On Tuesday, nearly fifty years after Neruda passed away, his nephew Rodolfo Reyes told Spanish news agency EFE that the forensic tests had found that the poet had been poisoned, confirming decades of suspicions that he was murdered.

Neruda’s death was surrounded by mystery and suspicion at the very outset. Firstly, Neruda, who was a Leftist politician and diplomat, died less than two weeks after a military coup led by Augusto Pinochet overthrew the socialist government of the poet's friend and ally, President Salvador Allende. Moreover, in 2013, a Chilean judge ordered the exhumation of his remains after his former chauffeur, Manuel Araya, revealed that an agitated Neruda had called him hours before his death from the Santiago hospital where he was being treated, to say that he had been injected in the stomach while asleep.

Samples of Neruda’s remains were dispatched to forensic laboratories in four countries for analysis, and in 2015 the Chilean government said it was “highly probable that a third party” was responsible for his death.
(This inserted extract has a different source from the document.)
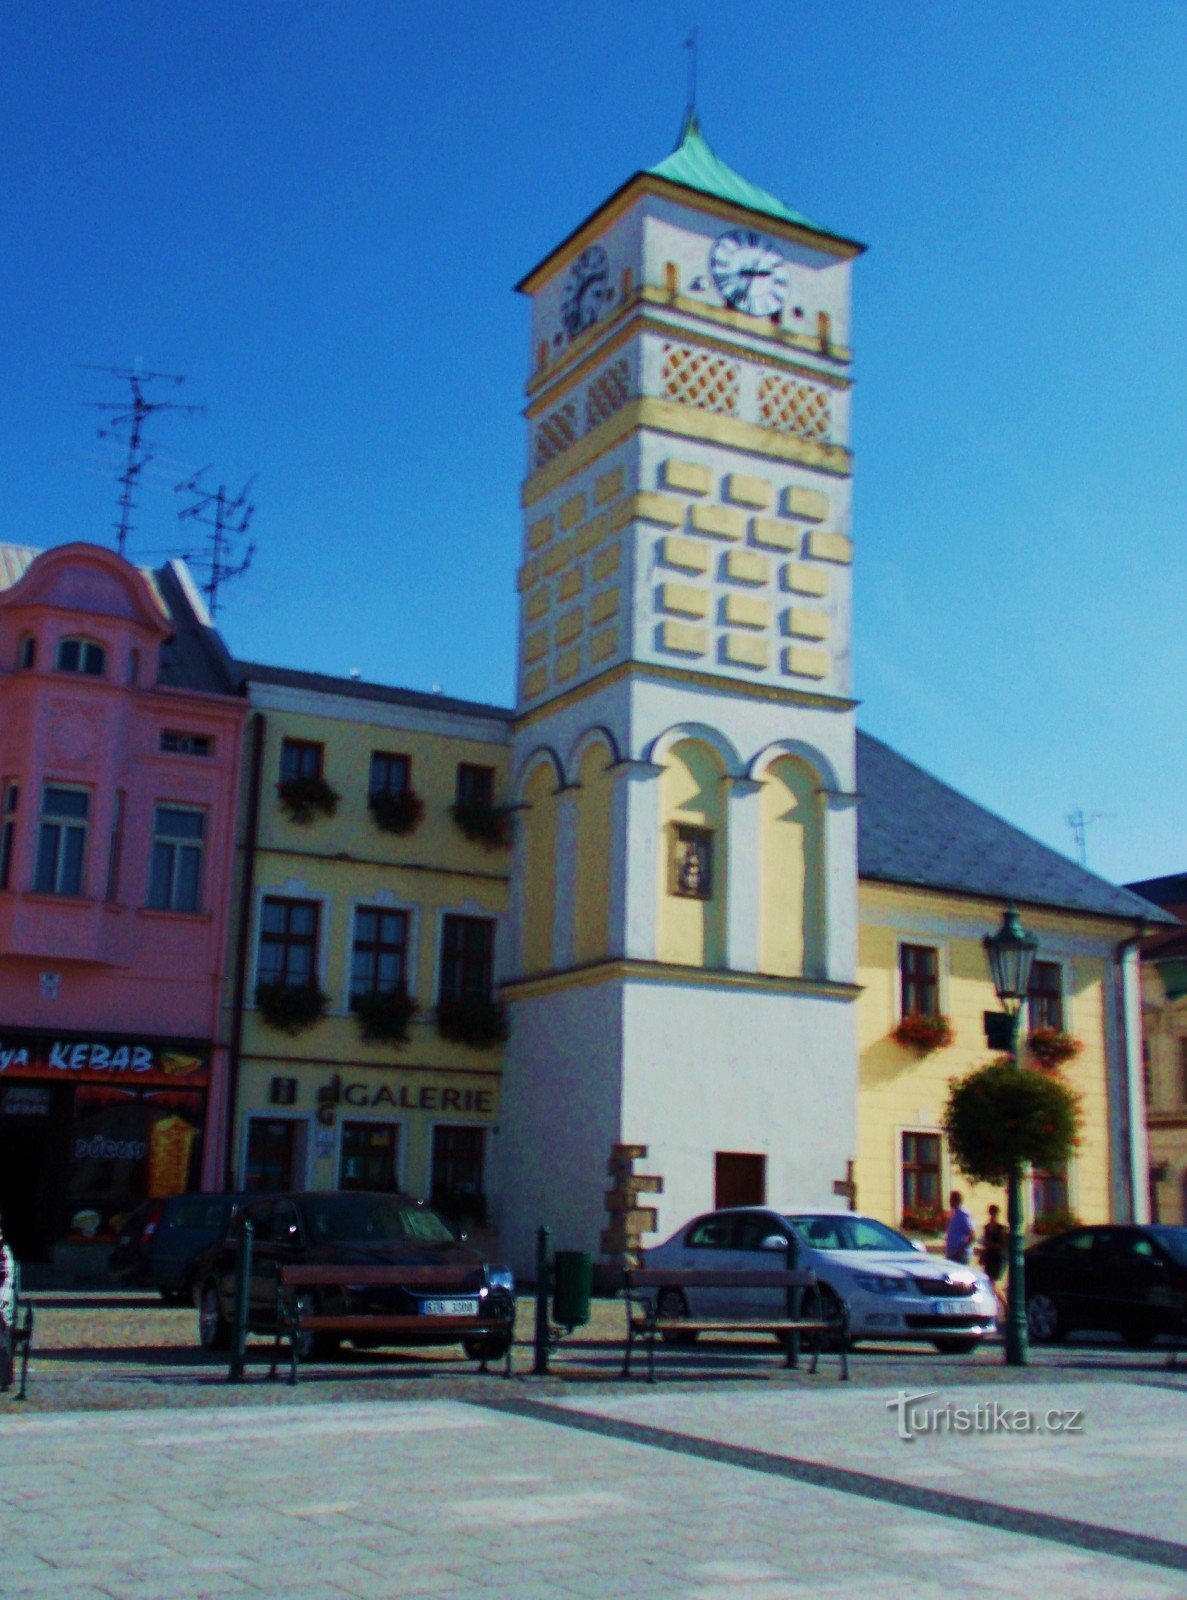 Το κτίριο του δημαρχείου - το κυρίαρχο χαρακτηριστικό της πλατείας Masaryk στην Karviná
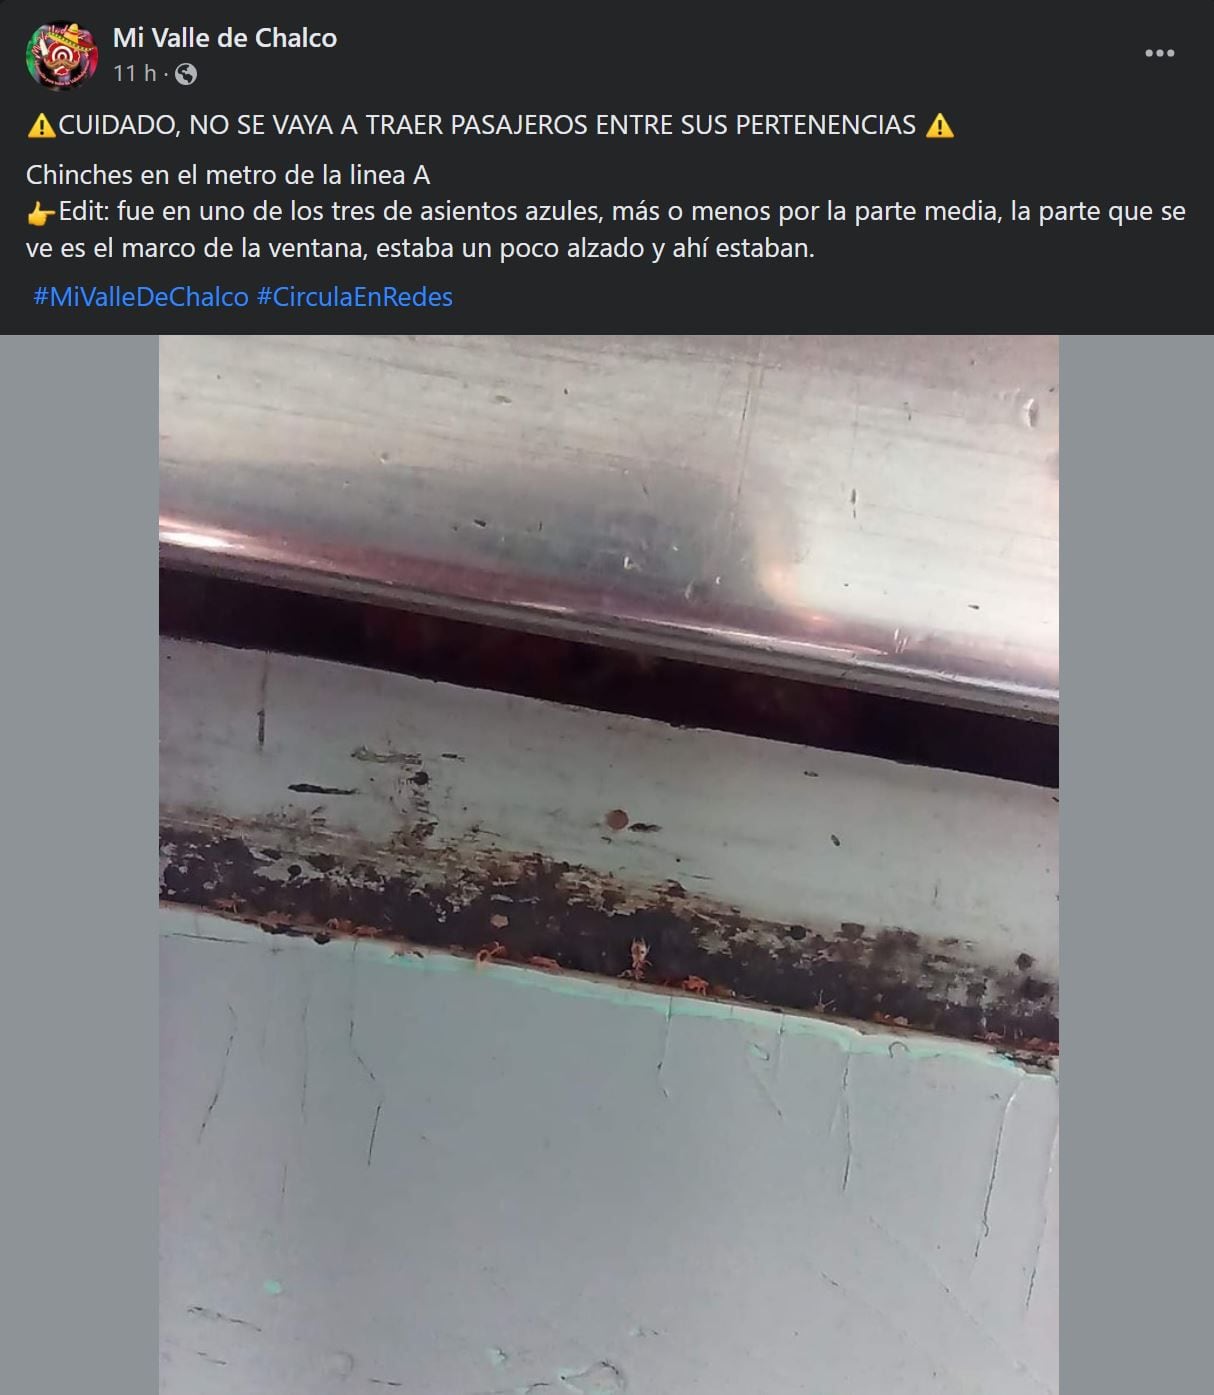 El usuario reportó la presencia de chinches en uno de los ventanales del vagón.- (Facebook: Mi valle de chalco)

Two years later, a team of international scientists said they were “100 per cent convinced” prostate cancer did not take the poet away.

Pinochet’s US-backed coup had reportedly devastated Neruda and led him to plan an exile in Mexico. His death came a day before his planned departure.

Neruda has been described by his friend and another doyen of Latin American literature, Gabriel García Márquez, as “the greatest poet of the 20th century in any language”--known as much for his poetry as his passionate leftist political views. Neruda was only 20 when he published ‘Twenty Love Poems and a Song of Despair’, the collection that made him famous. In his poetry, one can find lines like “If suddenly/you forget me/do not look for me/for I shall already have forgotten you” or “I want to do with you what spring does with the cherry trees” — lines that morphed into romantic quotes in greeting cards and WhatsApp messages.

On the other hand, from Neruda’s mind, also came poems like “Ode to Tomatoes”, where he employed culinary metaphors to celebrate the resilience of his culture in the face of neo-imperialism and cultural appropriation.

Neruda’s passionate verses spared no one. He took on dictators and fascists, pesky neighbours and jilted lovers--and smelly socks to boot. He wrote about Chile, love, food, exile, class struggles, and the Spanish Civil War. The Canto General (General Song), an epic history of the Americas in verse, however, is often considered his greatest work.

However, over the years, Neruda’s reputation was tarnished by details of his personal life and question marks about the authenticity of his work, with several of the taints emerging from South Asia. For instance, “Poem 16” of Twenty Love Poems and a Song of Despair, is said to have been plagiarised from Rabindranath Tagore’s “Tumi Sandhyar Meghamala”. Neruda even confessed to “paraphrasing” Tagore’s poem.

Neruda was also a self-confessed rapist. In his posthumously published memoirs, Confieso Que He Vivido (I Confess That I Have Lived), Neruda admitted to having raped a Tamil woman who worked as his house help when he was posted to Ceylon as a young diplomat. He wrote, “The encounter was like that of a man and a statue. She kept her eyes wide open all the while, completely unresponsive… She was right to despise me,” he wrote.

Neruda has also been accused of abandoning his wife and specially-abled daughter.

These revelations, which resurfaced almost five years ago in tandem with the worldwide #MeToo movement, led human rights activists opposing an attempt to rename Santiago airport after the poet, and caused Chilean educational institutes to take his poems off their syllabi.